- [REQUIRED WORK]:
Leave the pictures out and restate every line below exactly.

- [DATA SHOWN]:
==================================================

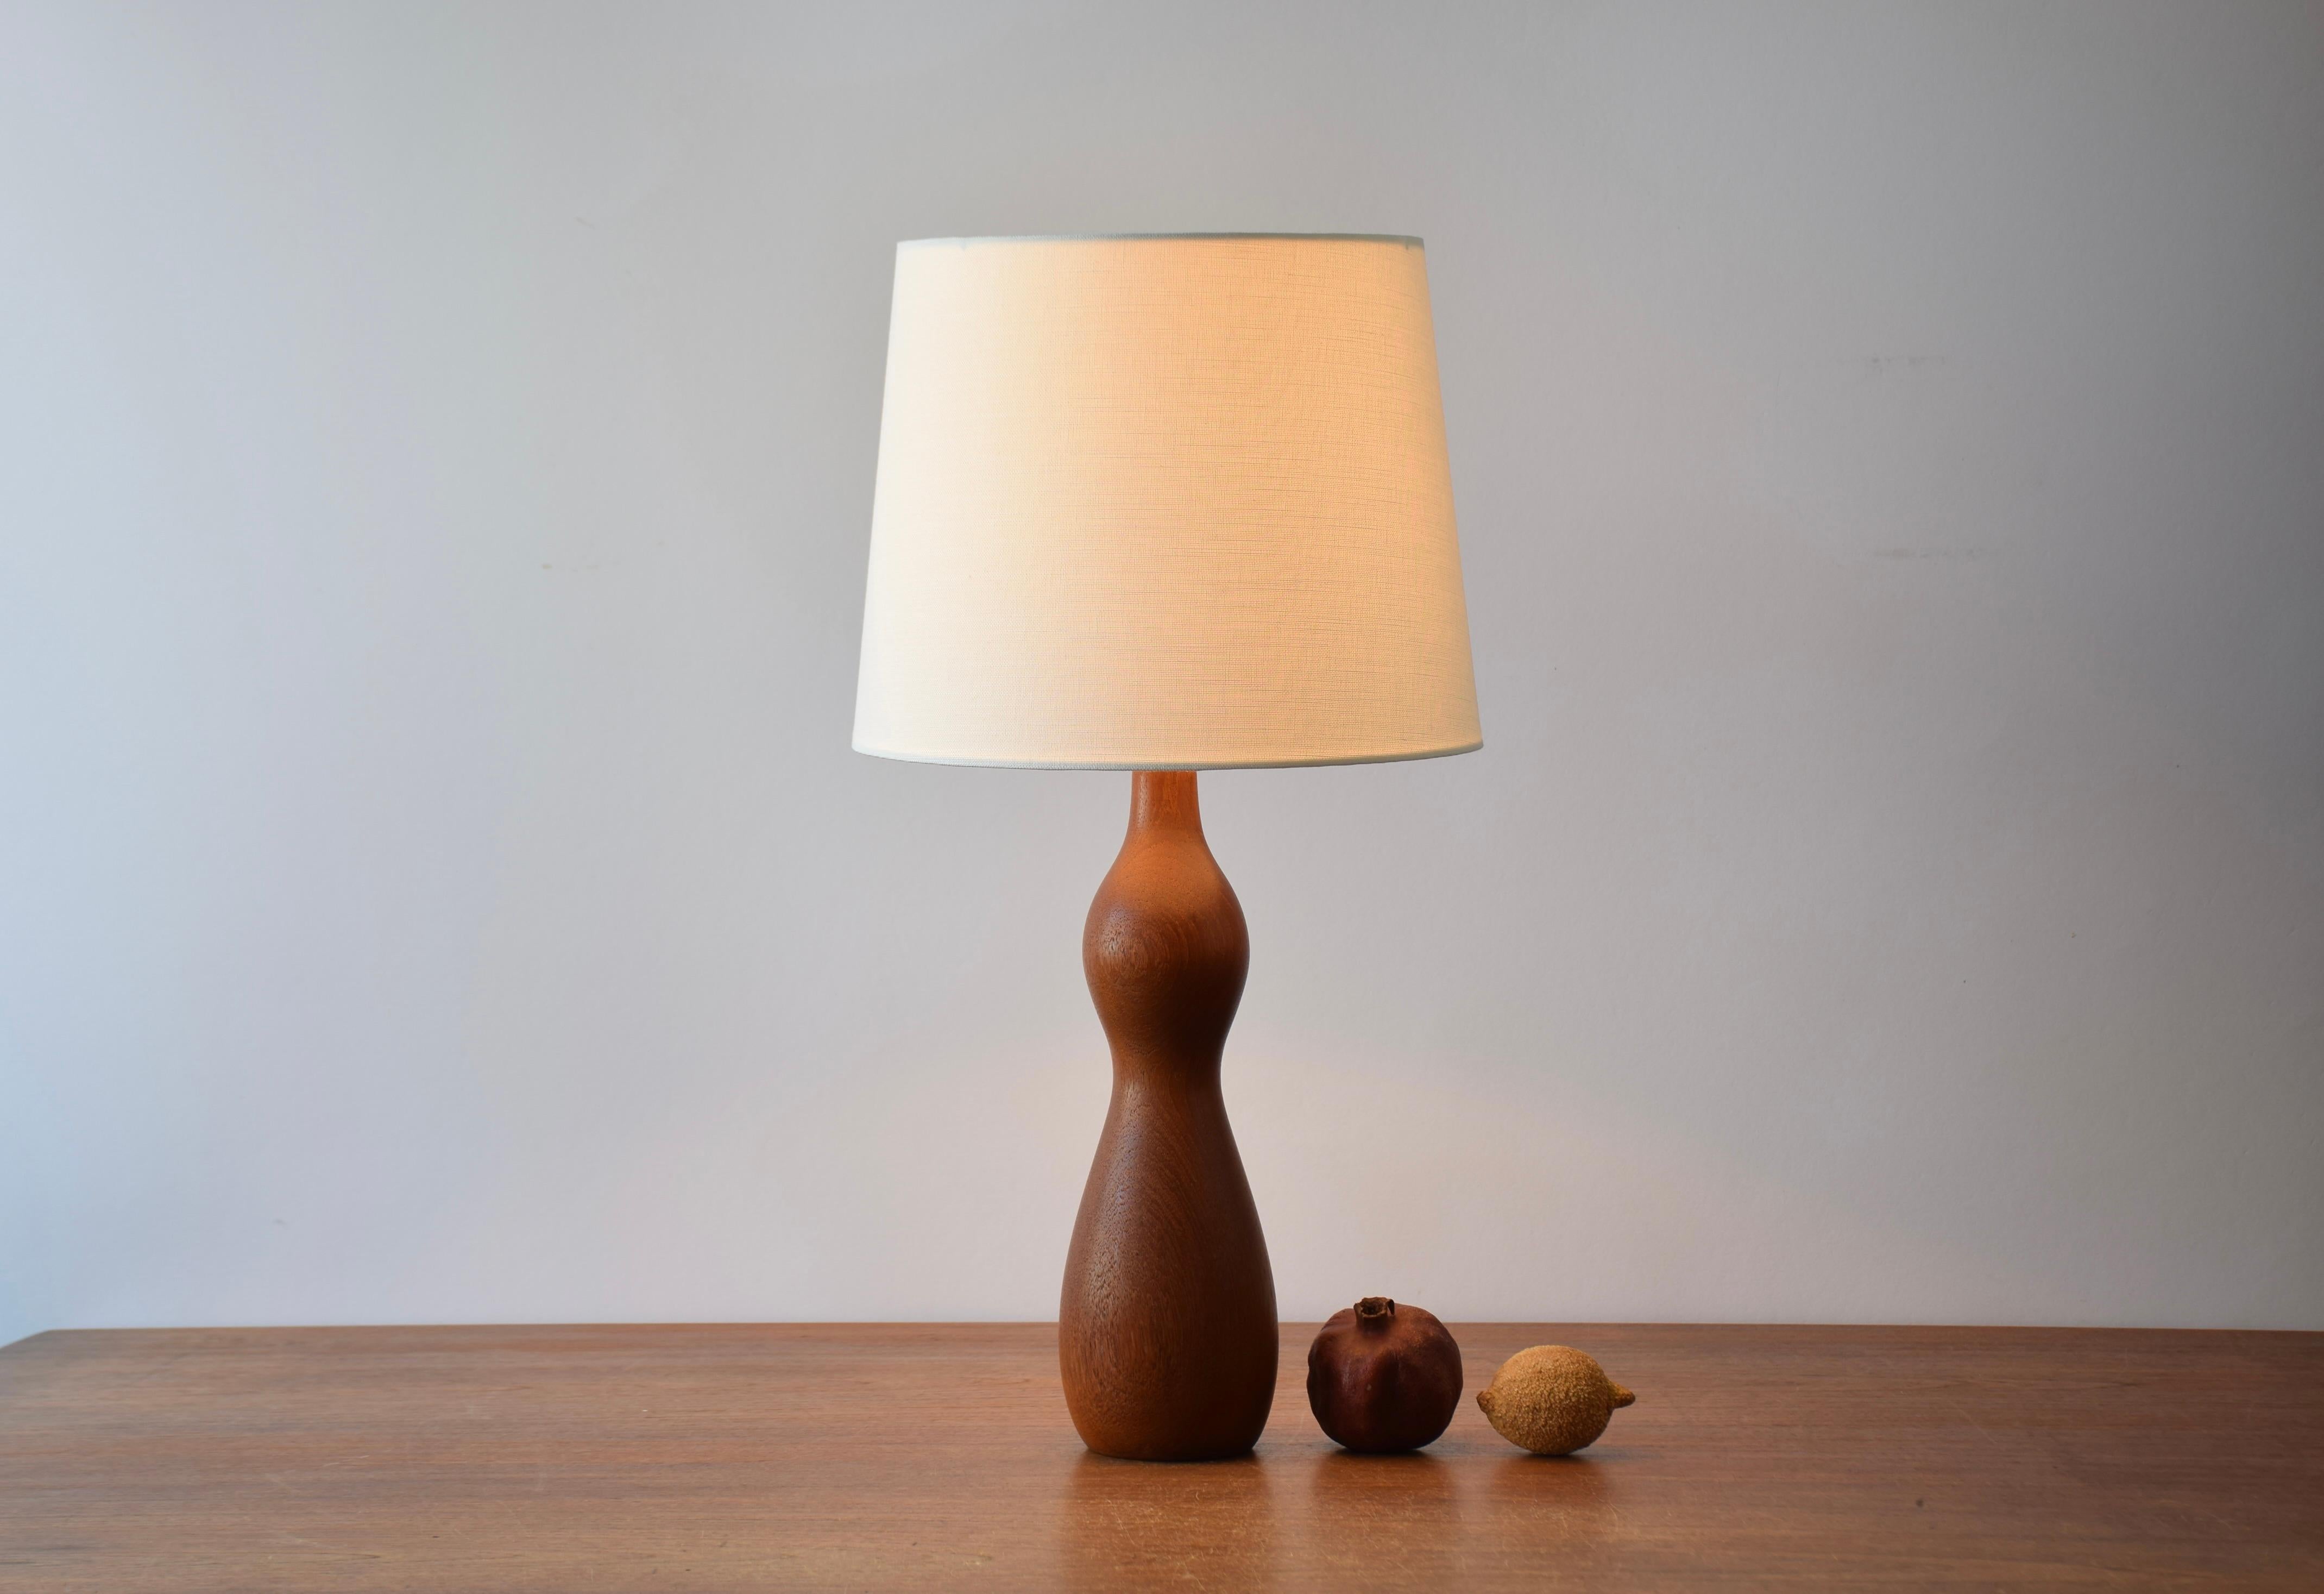 Original Scandinavian Mid-century table lamp made from turned teak.
Made circa 1960s.

The teak has a beautiful warm color and a lovely grain.

Included is a new lamp shade designed and made in Denmark. It is made of woven fabric with some

==================================================

- [OUTPUT FOR THIS TASK]:
 Original Scandinavian Mid-century table lamp made from turned teak.
Made circa 1960s.

The teak has a beautiful warm color and a lovely grain.

Included is a new lamp shade designed and made in Denmark. It is made of woven fabric with some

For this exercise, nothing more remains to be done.